Pulkki, "Directional audio coding in spatial sound production and stereo upmixing," in Proceedings of The AES 28th International Conference, p.251-.

Eye and T.Agnello, "topical microphone array for topical sound recording," in Audio Engineering Society, month 10 2003.

[ ERBsmooth ] A. Favrot and C.Faller, "Perceptible moved Gain Filter Smoothing for Noise Suppression", Audio Engineering Society Convention 123, 2007.

[ ESPRIT ] R.Roy, A.Paulraj, and T.Kailath, "Direction-of-arrival by subspace rotation methods-ESPRIT," in IEEE International Conference on Acoustics, Speech, and Signal Processing (ICASSP), Stanford, CA, USA, 4 months 1986.

[ FouriierrAdust ] E.G.Williams, "Fourier Acoustics: sound Radiation and near Academic geography, "Academic Press, 1999.

[ HARPEX ] S.Berge and N.Barrett, "High Angular Resolution Plastic Expansion," in 2nd International Symposium on Ambisonics and scientific industries, 5 months 2010.

[ InformedSF ] O.Thiergart, M.Taseska, and E.A.P.Habets, "An information Parametric Spatial Filter Based on instant orientation-of-Arrival Estimates," IEEE/ACM Transactions on Audio, Speech, and Languge Processing, Vol.22, No. 12, month 2014 12.
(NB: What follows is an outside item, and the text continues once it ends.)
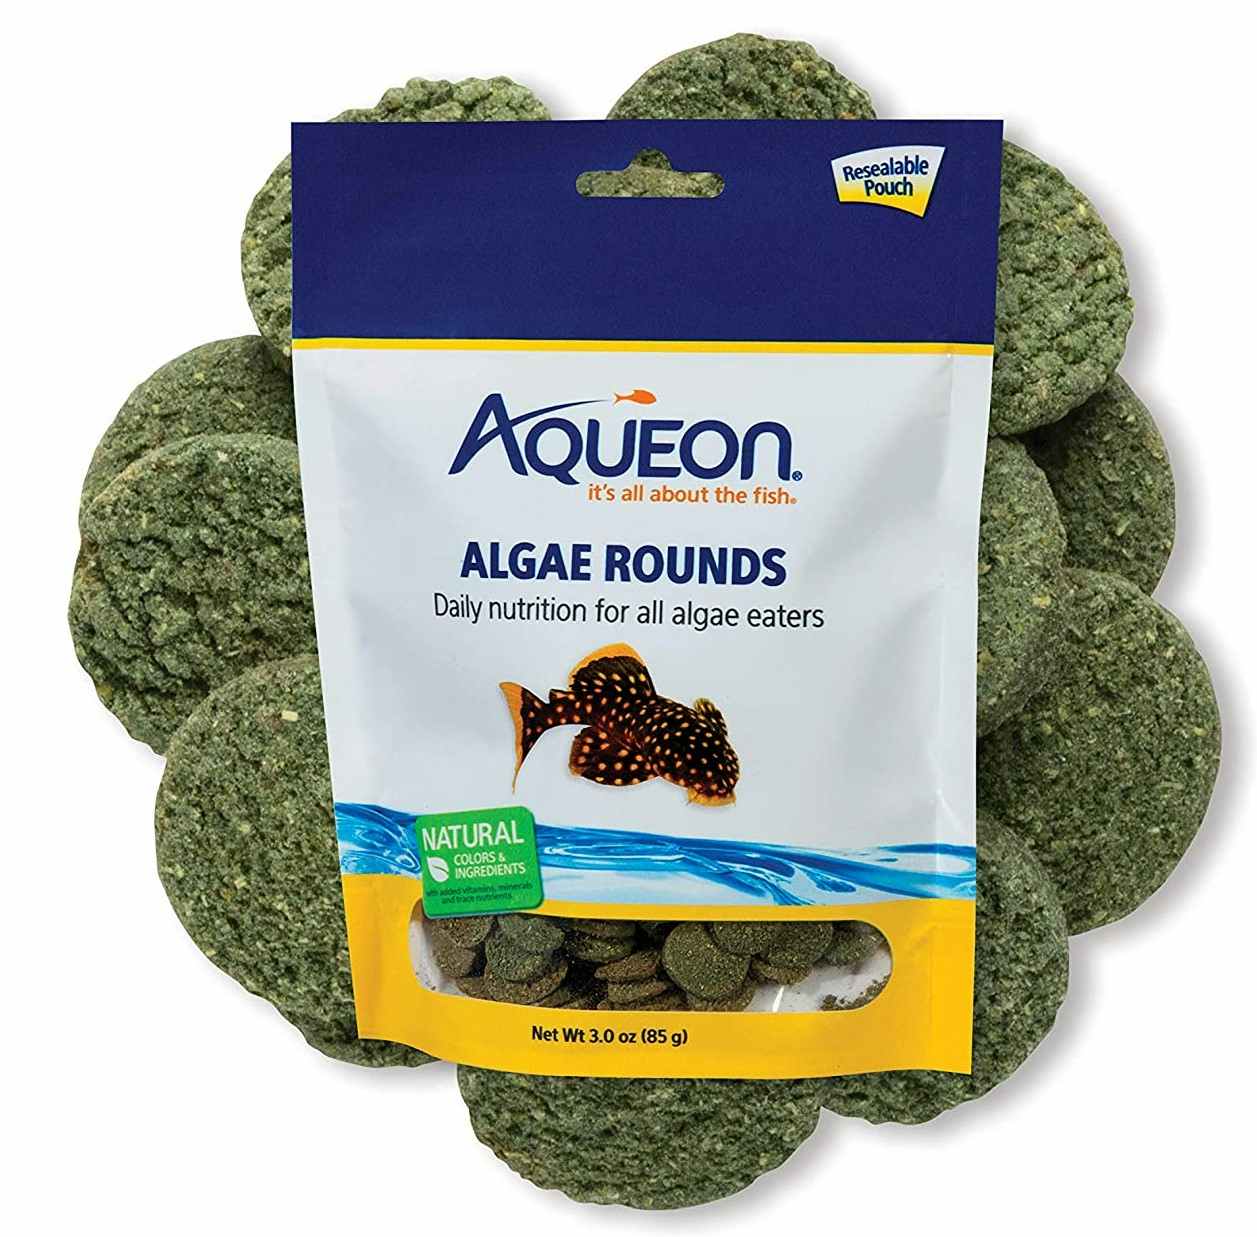 A bag of Aqueon algae fish food.

[ MicSetup3D ] H.Lee and C.Gridben, "On the optimal microphone array configuration fbr height channels," in 134 AES configuration, Rome, 2013.

Schmidt, "Multiple entity location and signal parameter evaluation," IEEE Transactions on Antennas and Propagation, Vol.34, No. 3, p.276 and 280, 1986.

[ OptAlrayPr ] B.D.Van Veen and K.M.Buckley, "beamformming: a versatic approach to spatial filtering ", IEEE ASSP Magazine, Vol.5, No. 2, month 2 of 1988.

[ RootMUSIC1] B.Raoand and K.Hari, "Performance analysis of root-MUSIC", Signals, Systems and Computers, 1988. At the twenty-second Asilomar meeting, Vol.2, 1988, pp.578-582.

[ RootMUSIC2] A. Mhamdi and A. Samet, "Direction of arrival estimation for non-nuclear form linear antenna," in Communications, Computing and Control Applications (CCCA), 2011 International Conference on, 3 months 2011, pages 1-5.

[ rootMUSIC3] M.Zoltowski and C.P.Mathews, "orientation definition with uniform circulation of phases mode excitation and beamspace-MUSIC," in Acoustics, Speech, and Signal Processing, 1992. ICASSP-92, 1992 IEEE International Conference on, Vol.5, 1992, pp.245-.

[ SDRestim ] O.Thiergart, G.Del Galdo, and E.A.P.Habes, "On The spatial coherence in mixed reliable fields and matters application to signal-to-differential ratio evaluation", The Journal of The environmental Society of America, Vol.132, No. 4, 2012.

[ Source Num ] J. -S.Jiang and M. -A.Ingram, "route detection of number of sources using the transformed positional matrix," in Wireless Communications and Networking Conference, 2004. Wcnc.2004ieee,

volume

1, 3 months 2004.

[ Spcoherence ] D.P.Jarrett, O.Thiergart, E.A.P.Habets, and P.A.Naylor, "Coherence-Based diffusion Estimation in the statistical Harmonic Domain," IEEE 27th Convention of electric and Electronics Engineers in Israel (IEEEI), 2012.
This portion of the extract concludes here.